I haven't experienced Qwen3.5 (35B and 27B) over thinking. Posting my settings/prompt
A user's vanilla setup with Qwen 3.5-35B and 27B shows minimal reasoning tokens, contradicting widespread reports of loops.
A detailed user report is challenging the viral narrative that Qwen's 3.5 series models, specifically the 35B and 27B parameter versions, suffer from 'overthinking'—getting caught in extended reasoning loops and consuming excessive tokens. The user, running quantized versions (UD-Q4_K_XL) from Unsloth on an RTX 5090 with llama.cpp, states they have experienced the opposite: impressively few tokens used for high-quality responses. Their key finding is that using 100% default inference parameters, with no custom settings sent during prompts, yields stable and efficient performance. They posit that the widespread reports of problematic behavior may stem from users applying non-recommended parameters or overloading the models with dozens of tool definitions for complex agentic workflows.

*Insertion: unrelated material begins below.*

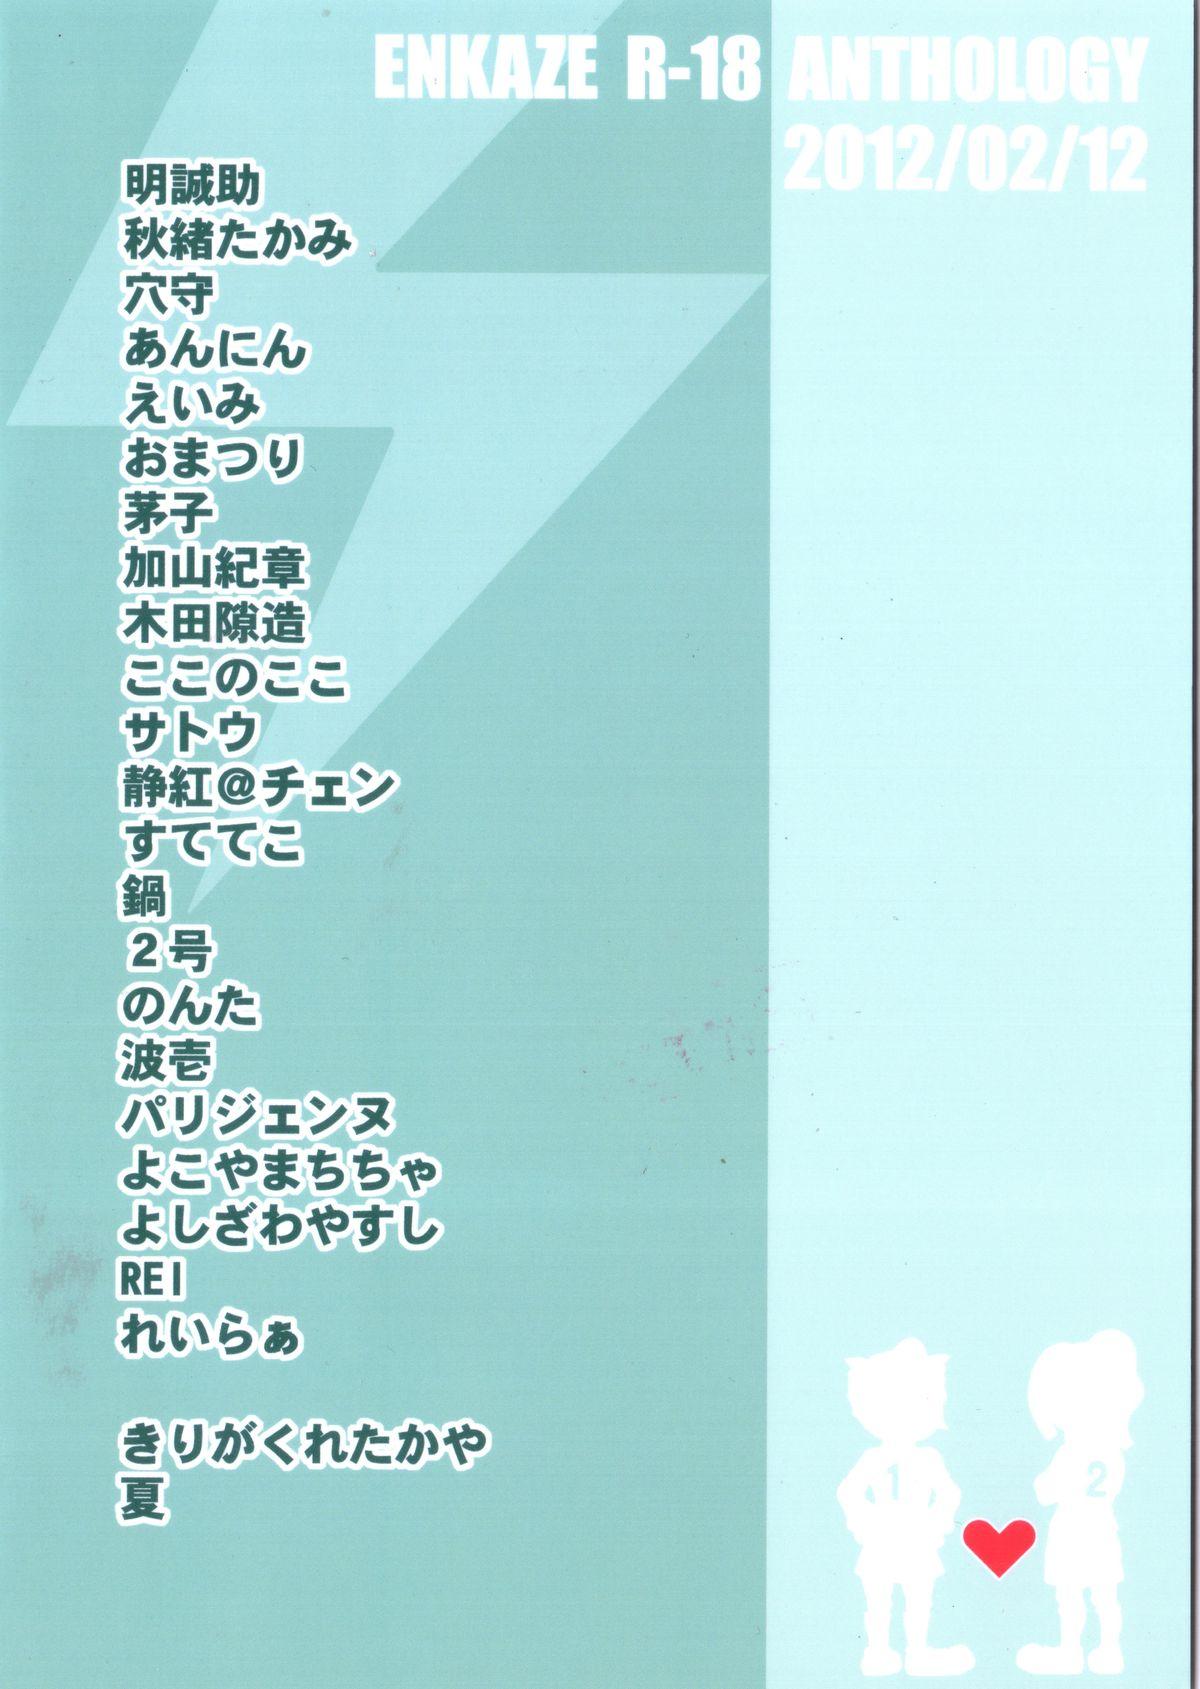 Natural Kirigakure Takaya (Aniki Otokodou) - ×××× Yarouze! (Inazuma Eleven) - Inazuma eleven Amazing - Page 2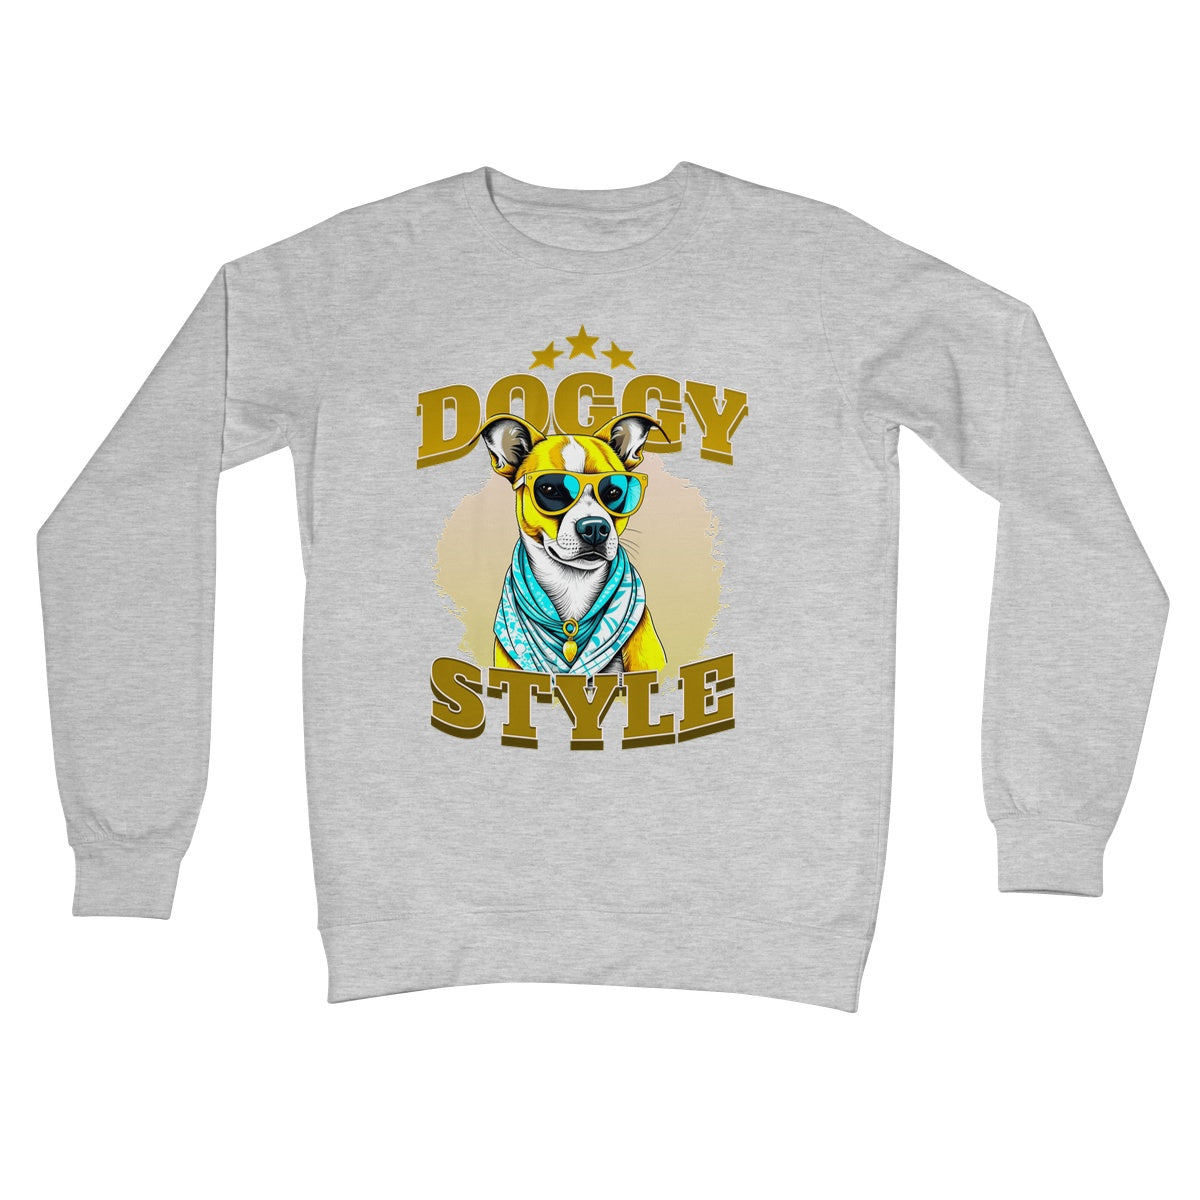 doggy style jumper grey

The user's setup is notably simple. They run the models via a standard llama-server with basic arguments (--jinja -fa 1) and a 100k context window, exclusively for a chat-style interface with access to only four simple tools (two for web search, one for image manipulation, and one for server queries). They employ a straightforward system prompt that emphasizes step-by-step thinking and accuracy. This experience suggests that the perceived instability of Qwen 3.5 models might be a configuration or use-case issue rather than a fundamental flaw, highlighting the critical importance of sharing reproducible setup details when discussing LLM performance.
- User runs Qwen 3.5-35B-A3B and 27B with 100% default parameters, reporting no 'overthinking' or token waste.
- Suggests the issue may be caused by bad custom parameters or overloaded agent setups with many tools.
- Setup uses a simple 4-tool chat interface on an RTX 5090 with llama.cpp, contradicting widespread performance complaints.
Why It Matters
Highlights how model performance is highly dependent on correct configuration, saving developers time troubleshooting non-existent bugs.